Many experienced estate attorneys in Florida will advise that it is often best to do everything reasonably to try to avoid probate. In some instances, the question arises whether there is any good reason to open a probate. In the right situation, the answer can be a resounding “yes.”
In Florida, probate is a court administered process which can involve significant time, work and expense. As a result, estate planning lawyers often try to counsel clients on ways to avoid probate. These include use of a Living Trust, beneficiary designations, and “pay-on-death” designations. Implementing these techniques can avoid, or at least lessen, the assets which need to be probated.
However, in some instances, opening a probate can produce certain beneficial results even if the decedent’s assets pass outside the estate. Take a situation where the deceased person may have a liability pending against him or her. By opening a probate and providing the necessary notice to a potential creditor, the estate can force the creditor to come forward with its claim or be forever barred. Under circumstances where no probate is opened, this would not occur-at least not until the two year statute of limitations runs.

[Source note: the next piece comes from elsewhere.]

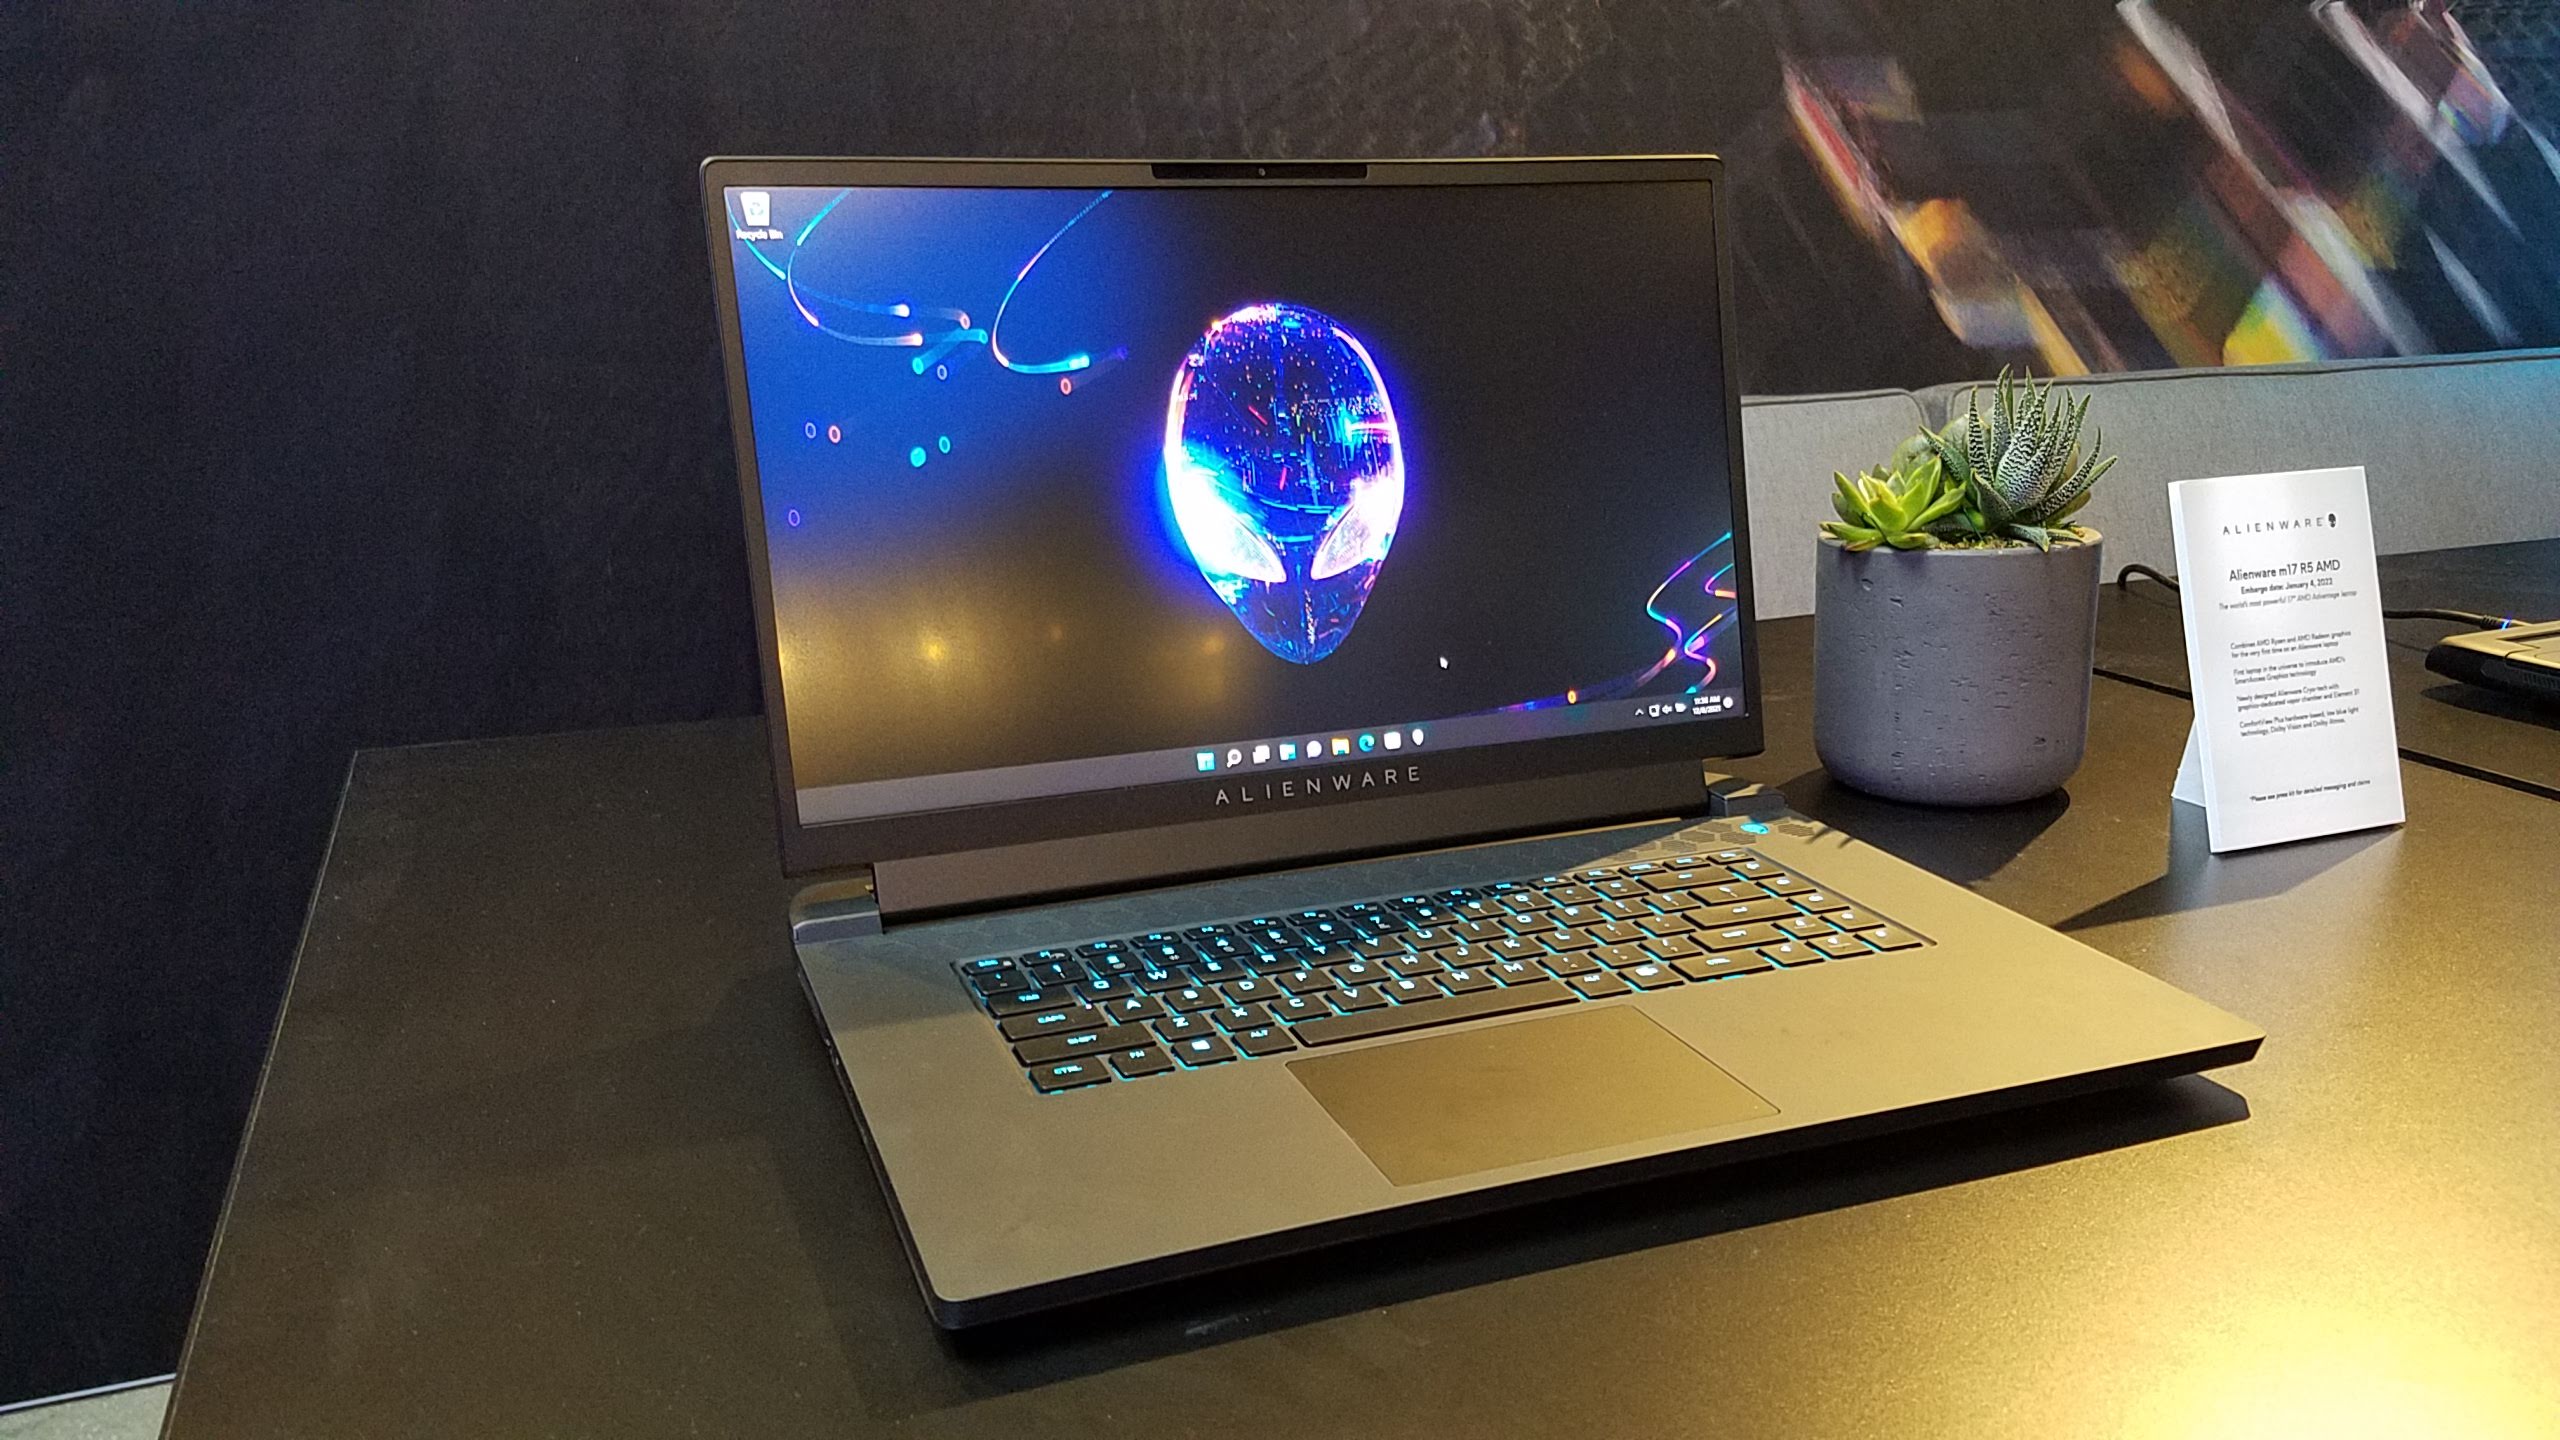 Alienware m17 R5 Ryzen Edition hands-on: One of the most powerful laptops of 2022 | Tom's Guide

An example could be helpful. Let’s say the decedent had a business dispute with a former colleague. If the estate wants to determine whether that colleague intends to assert a claim, a probate could be opened and a Notice to Creditors served on the colleague. After the three month claims period has run, if the colleague has not asserted a claim, then the claim is forever lost. Overall, this probably would take 90-120 days to accomplish. However, if no probate had been opened, the colleague would have two years from the date of death to assert the claim. Using the procedures available in probate, the time deadline has been accelerated and the claim cut off.